__WORK INSTRUCTIONS__
Skip every picture, and copy exactly the lines from the one containing "Primeval Expressions Water" to the end of the data.
DATASET EXCERPT: Begin
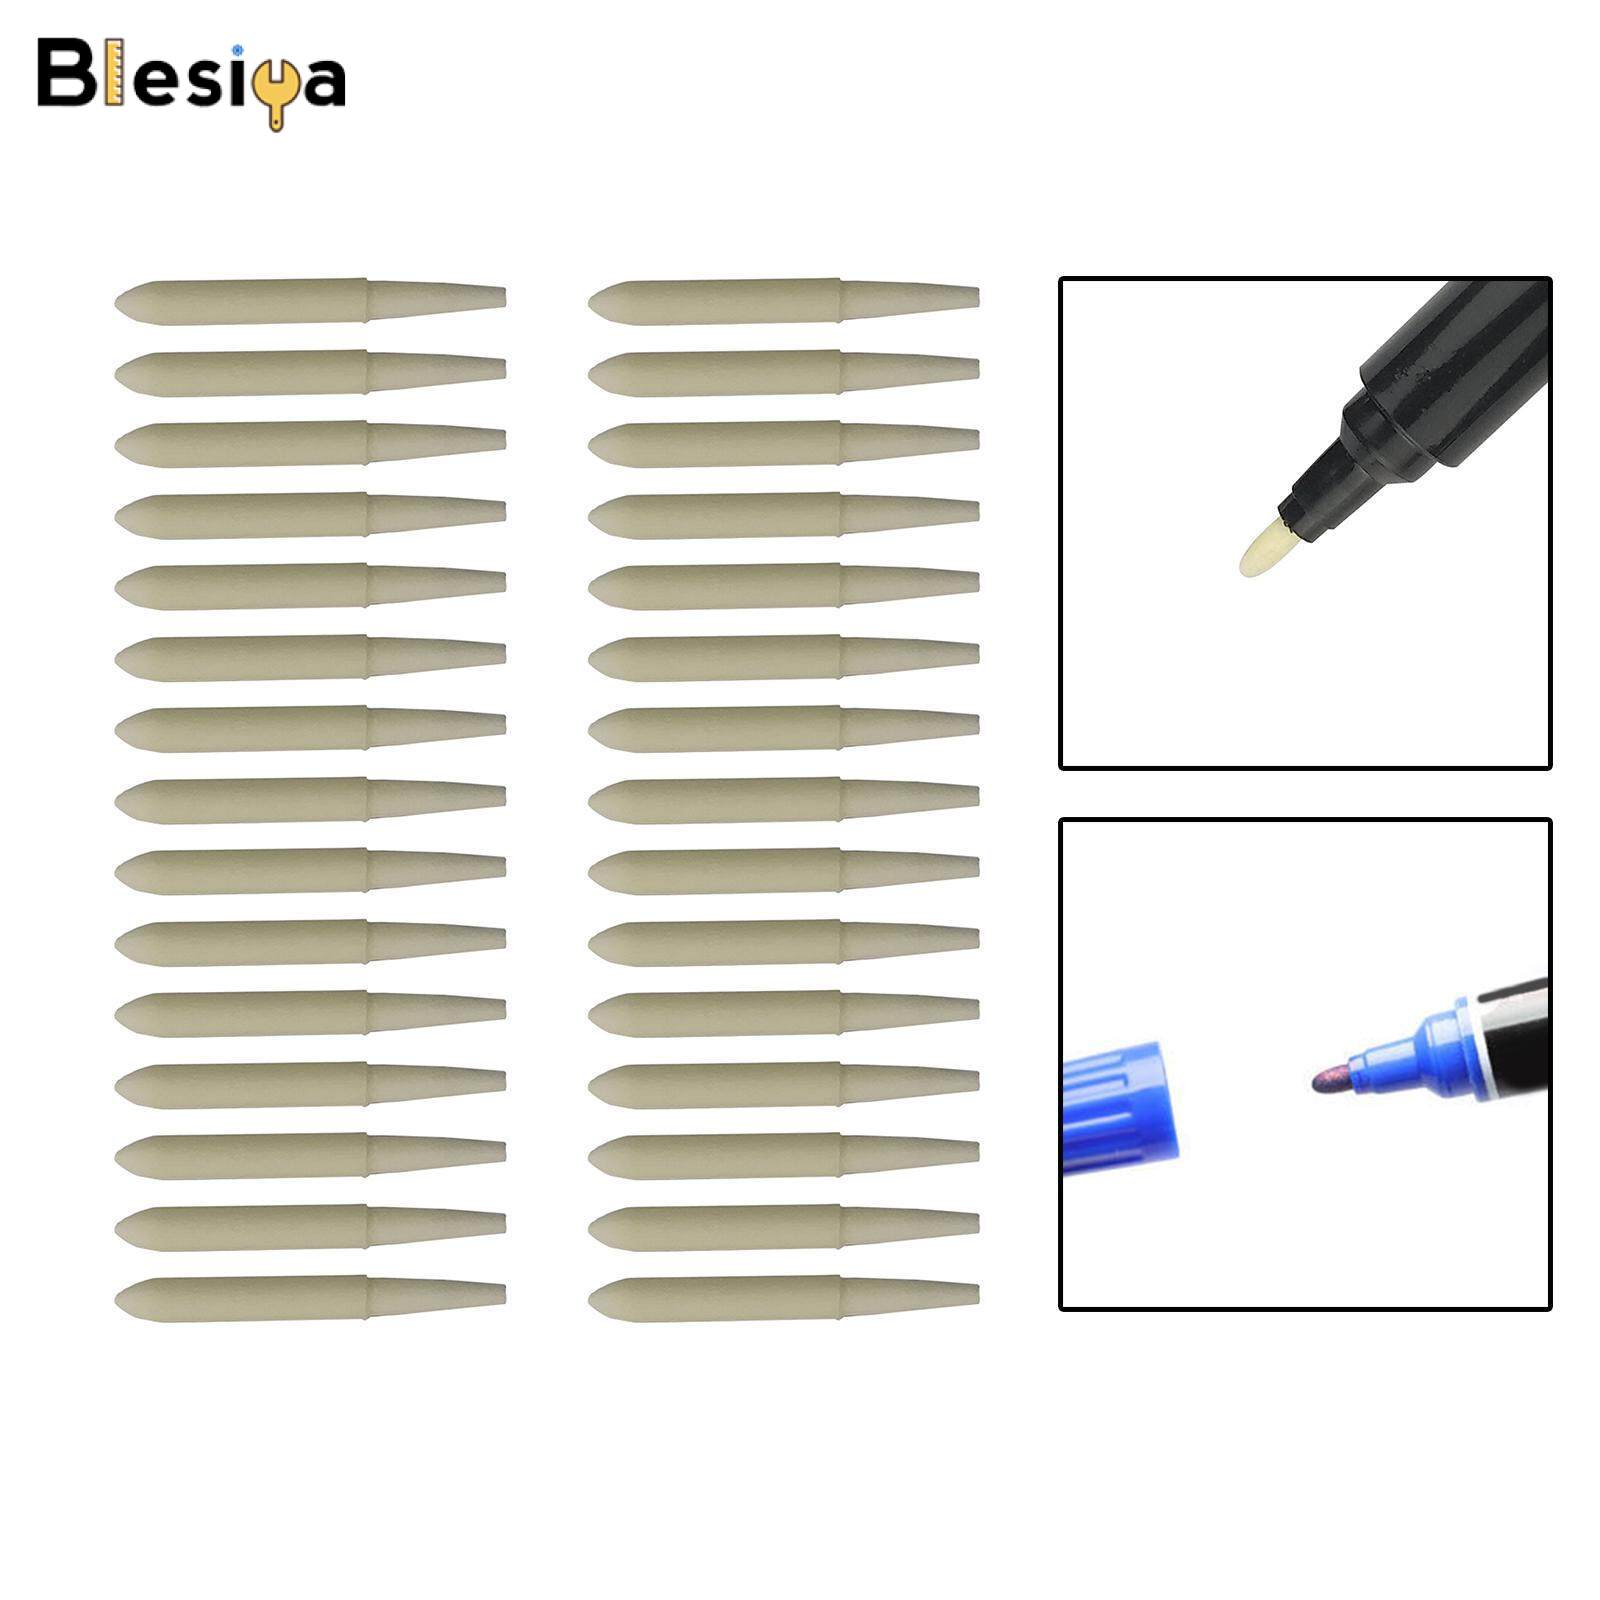 Blesiya 30x Refillable Pen Double Head Fine Replacement Nib Whiteboard Pen
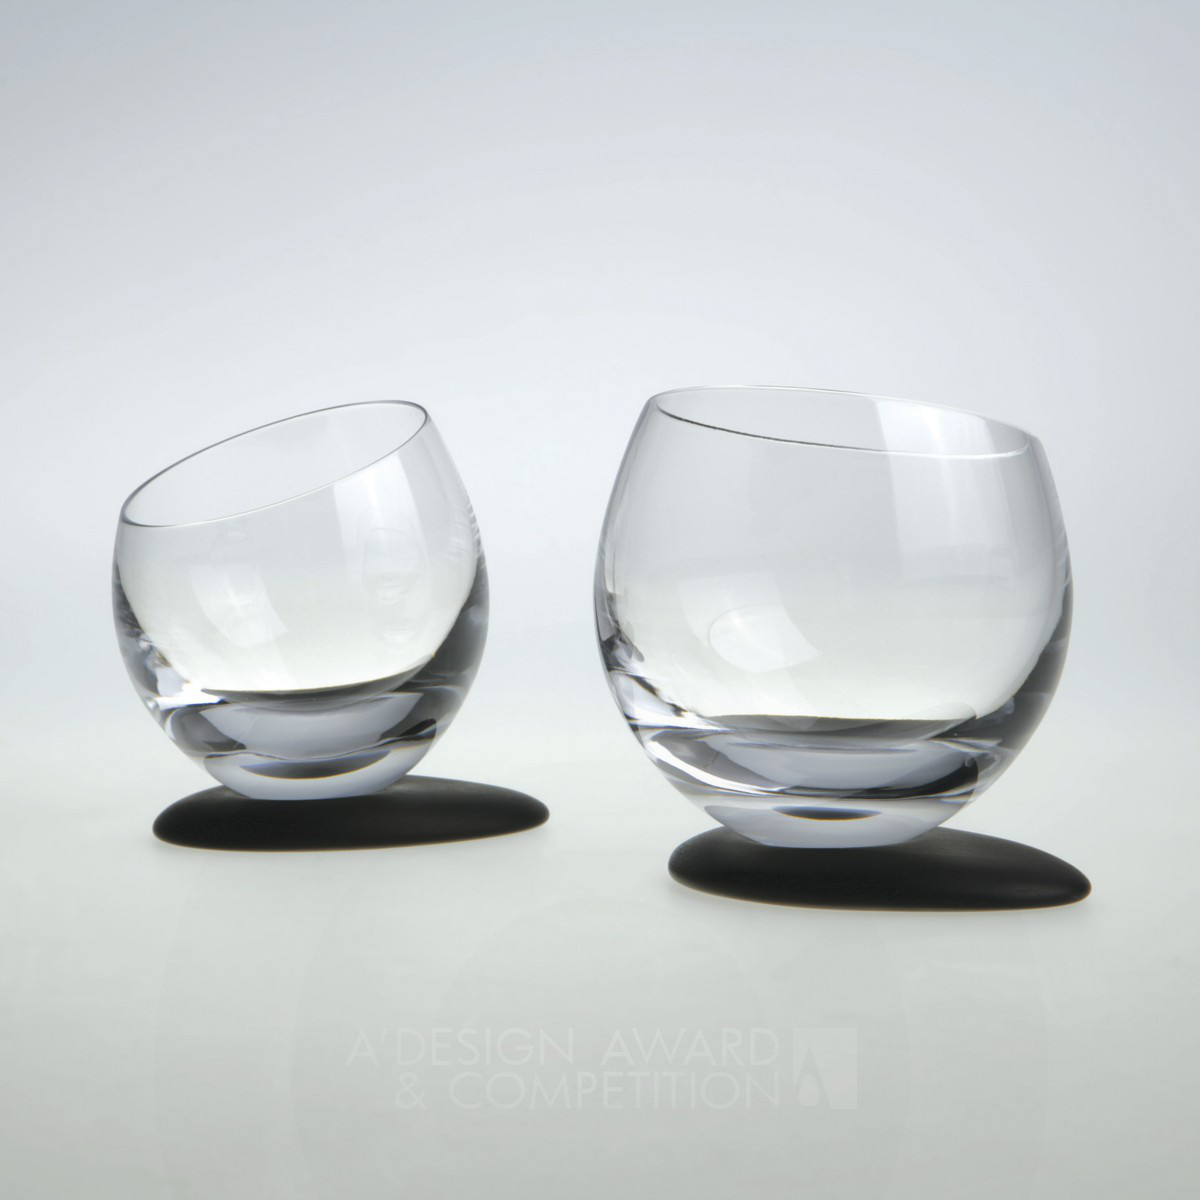 Primeval Expressions Water and Spirit Glasses by Mateja Krasovec Pogorelcnik
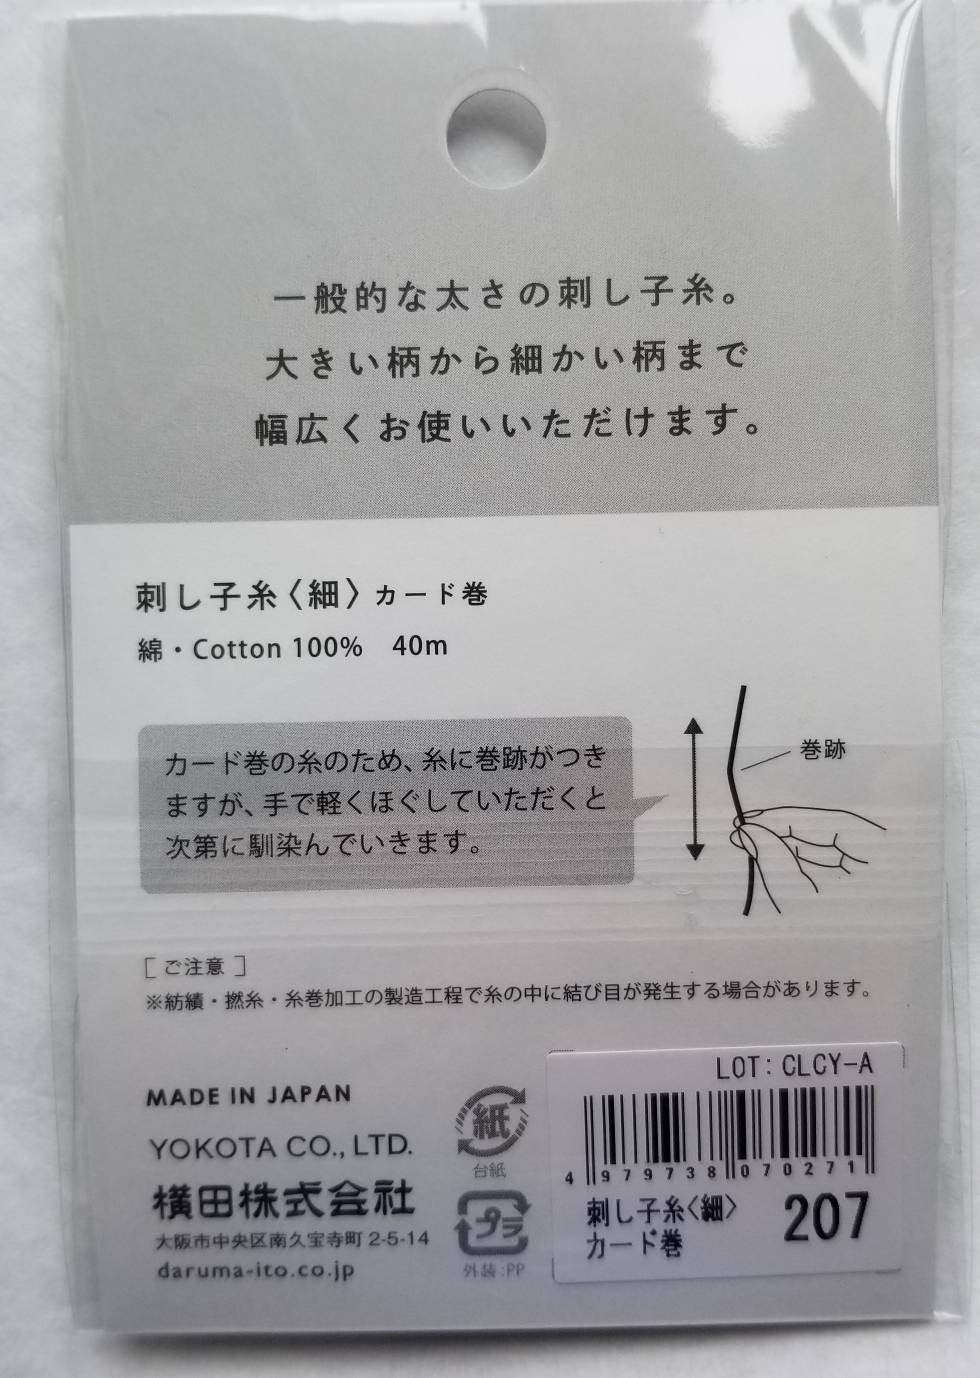 Daruma #207 EMERALD Japanese Cotton SASHIKO thread 40 meter skein 20/4 エメラルド green
DATASET EXCERPT: End
__SOLUTION TO THE PROBLEM__
 Primeval Expressions Water and Spirit Glasses by Mateja Krasovec Pogorelcnik
 Daruma #207 EMERALD Japanese Cotton SASHIKO thread 40 meter skein 20/4 エメラルド green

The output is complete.